BGC Detection¶

Gene cluster prediction using a conditional random field.

class gecco.crf.ClusterCRF(object)[source]¶

A wrapper for sklearn_crfsuite.CRF to work with the GECCO data model.

classmethod trained(model_path: Optional[str] = None) → ClusterCRF[source]¶

Create a new pre-trained ClusterCRF instance from a model path.

Parameters:: model_path (str, optional) – The path to the model directory obtained with the gecco train command. If None given, use the embedded model.
Returns:: ClusterCRF – A CRF model that can be used to perform predictions without training first.
Raises:: ValueError – If the model data does not match its hash.

__init__(feature_type: str = 'protein', algorithm: str = 'lbfgs', window_size: int = 5, window_step: int = 1, **kwargs: Any) → None[source]¶

Create a new ClusterCRF instance.

Parameters:

feature_type (str) – Defines how features should be extracted. Should be either domain or protein.
algorithm (str) – The optimization algorithm for the model. See https://sklearn-crfsuite.readthedocs.io/en/latest/api.html for available values.
window_size (int) – The size of the sliding window to use when training and predicting probabilities on sequences of genes.
window_step (int) – The step between consecutive sliding windows to use when training and predicting probabilities on sequences of genes.

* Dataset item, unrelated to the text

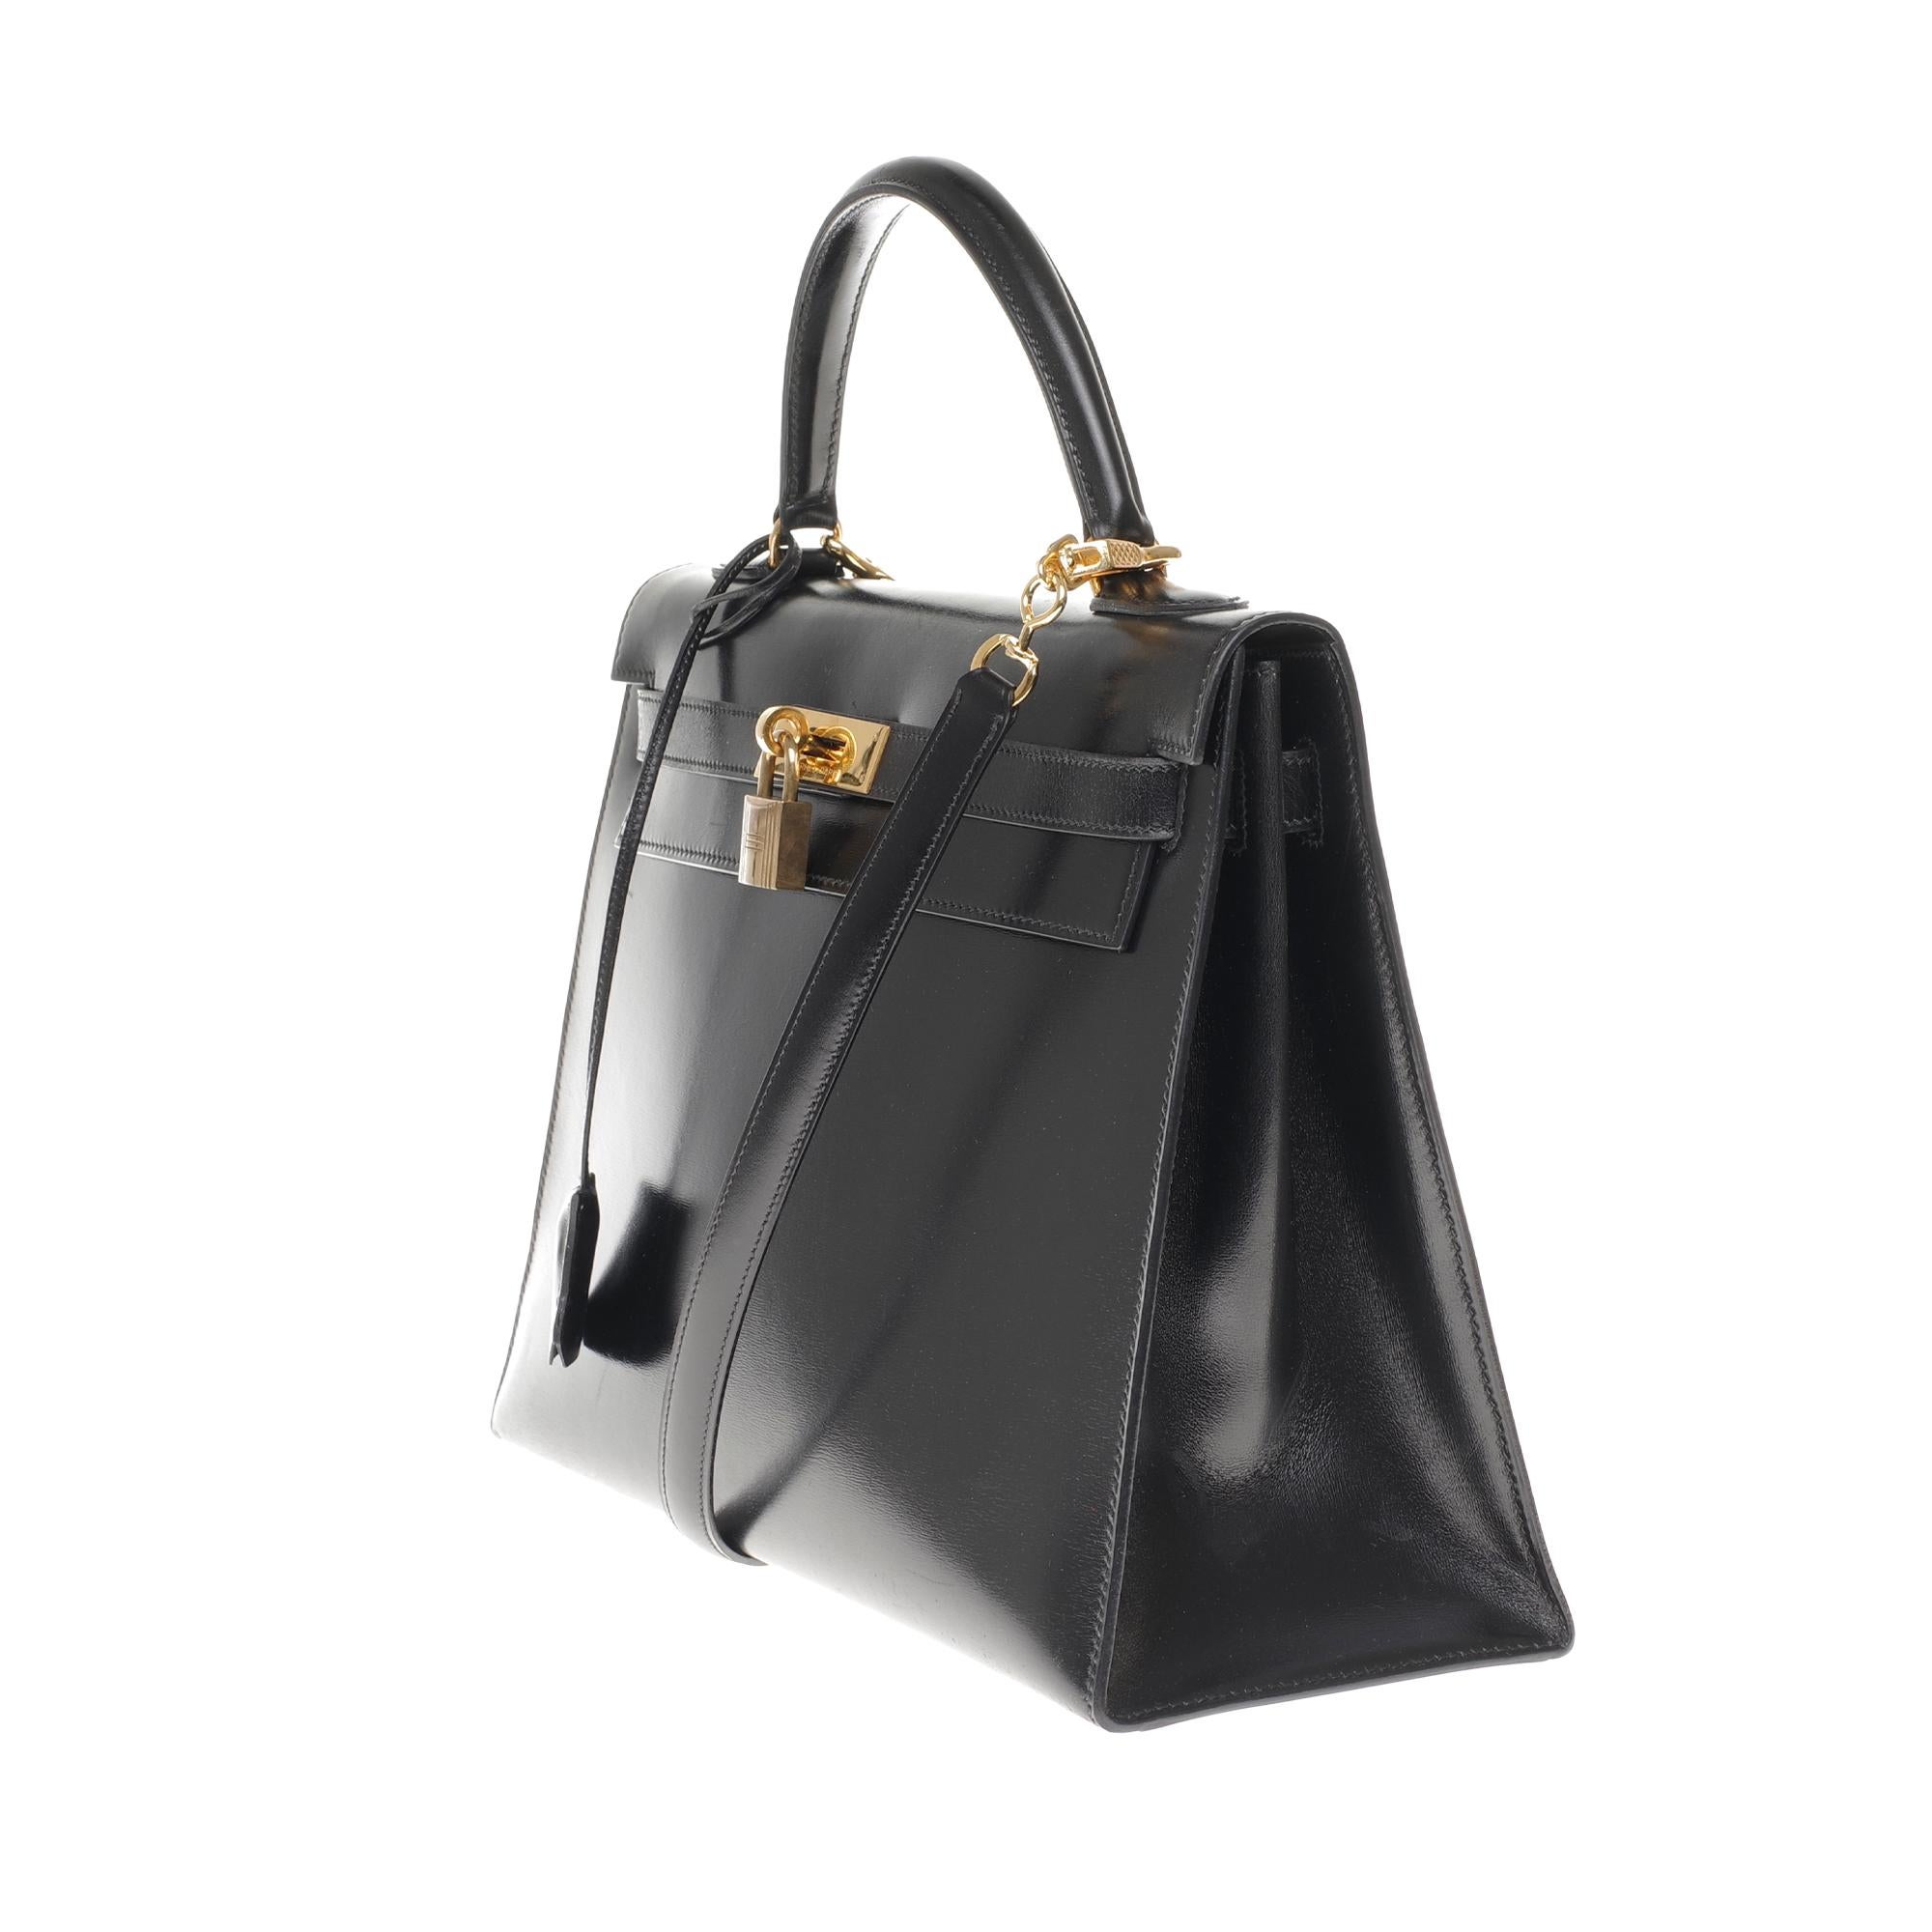 Black Hermès Kelly 32cm sellier handbag with strap in black calfskin, gold hardware!

Any additional keyword argument is passed as-is to the internal CRF constructor.

Raises:

predict_probabilities(genes: Iterable[Gene], *, pad: bool = True, progress: Optional[Callable[[int, int], None]] = None) → List[Gene][source]¶

Predict how likely each given gene is part of a gene cluster.

Parameters:

genes (iterable of Gene) – The genes to compute probabilities for.

Keyword Arguments:

batch_size (int) – The number of samples to load per batch. Ignored, always 1 with the CRF.
pad (bool) – Whether to pad sequences too small for a single window. Setting this to False will skip probability prediction entirely for sequences smaller than the window size.
progress (callable) – A callable that accepts two int, the current batch index and the total number of batches.

Returns:

list of Gene – A list of new Gene objects with their probability set.

Raises:

NotFittedError – When calling this method on an object that has not been fitted yet.

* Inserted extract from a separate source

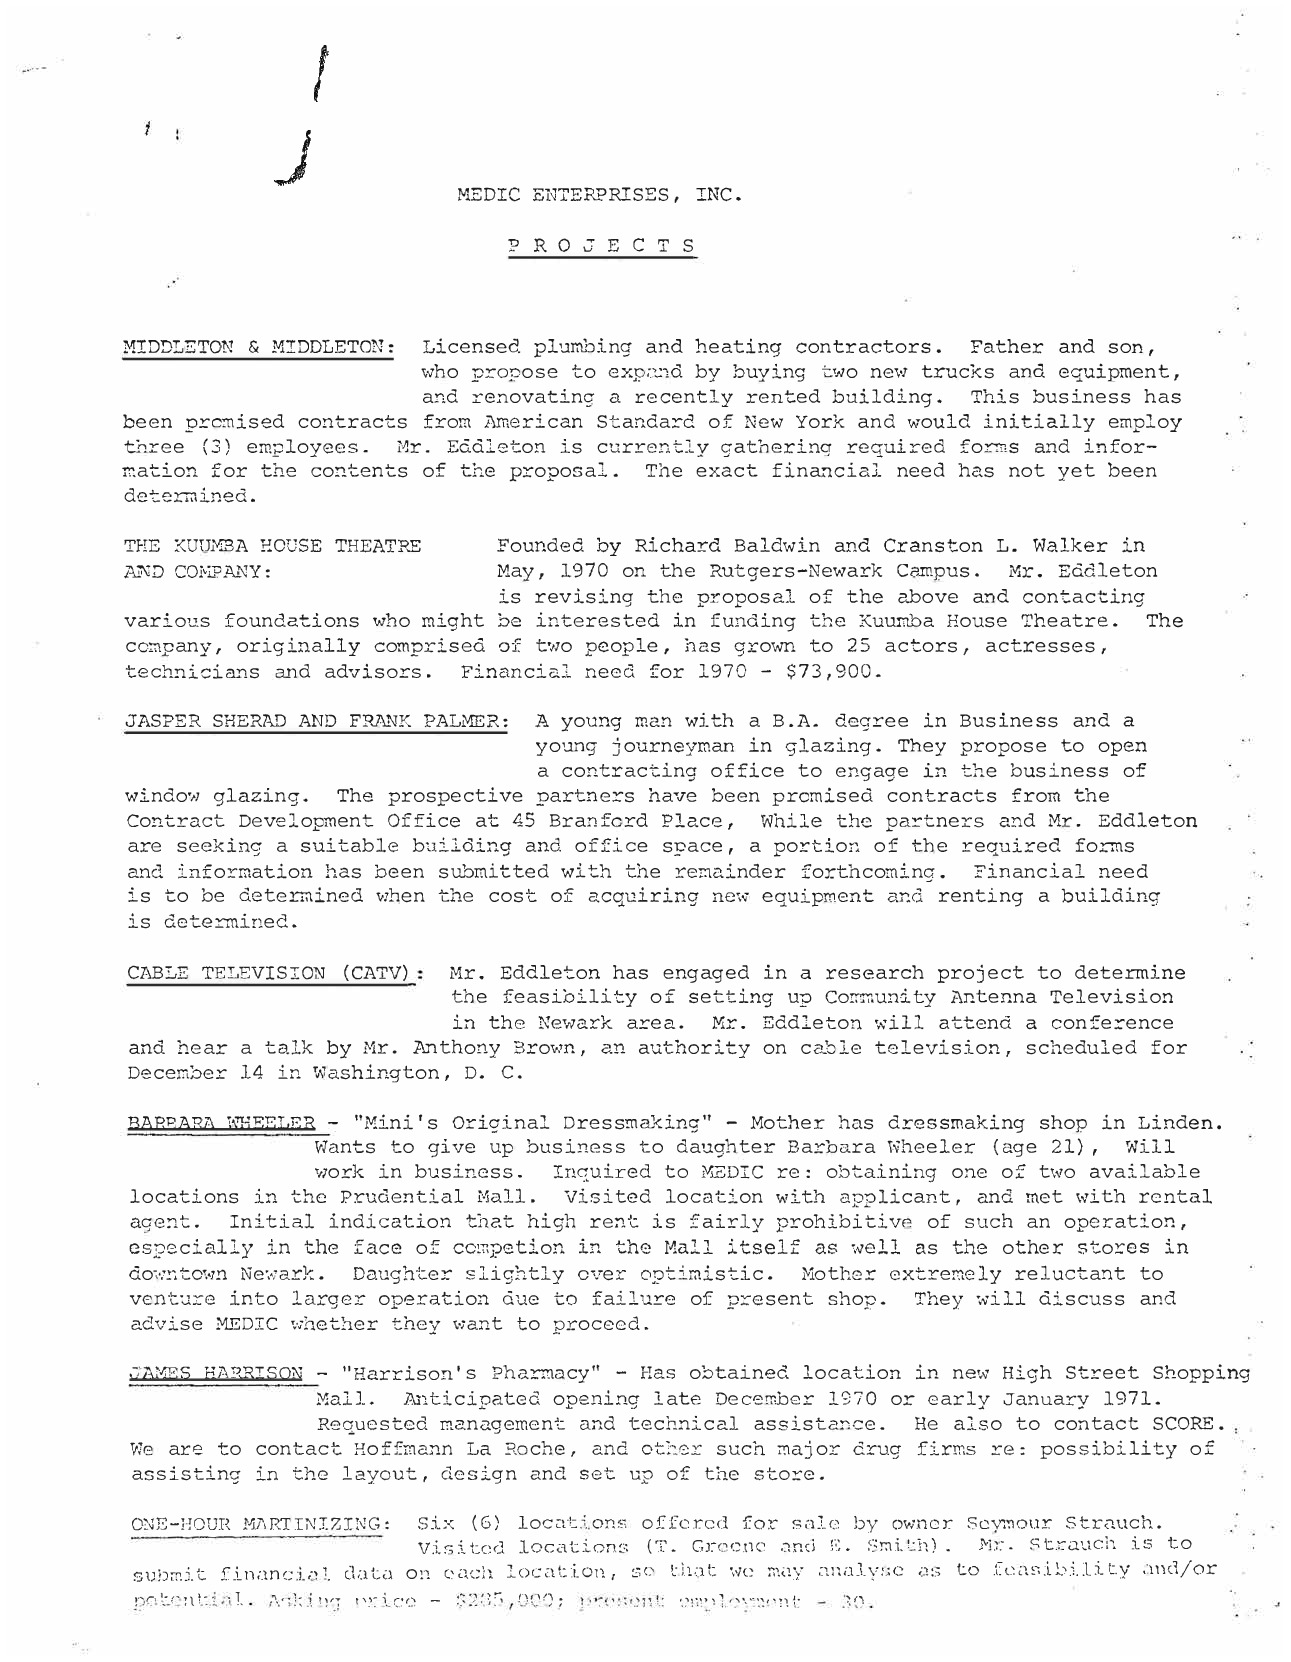 MEDIC Project List (1970)

fit(genes: Iterable[Gene], *, select: Optional[float] = None, shuffle: bool = True, cpus: Optional[int] = None, correction_method: Optional[str] = None) → None[source]¶

Fit the CRF model to the given training data.

Parameters:

genes (iterable of Gene) – The genes to extract domains from for training the CRF.
select (float, optional) – The fraction of features to select based on Fisher-tested significance. Leave as None to skip feature selection.
shuffle (bool) – Whether or not to shuffle the contigs after having grouped the genes together.
correction_method (str, optional) – The correction method to use for correcting p-values used for feature selection. Ignored if select is False.

save(model_path: PathLike[str]) → None[source]¶

Save the ClusterCRF to an on-disk location.

Models serialized at a given location can be later loaded from that same location using the ClusterCRF.trained class method.

Parameters:: model_path (str) – The path to the directory where to write the model files.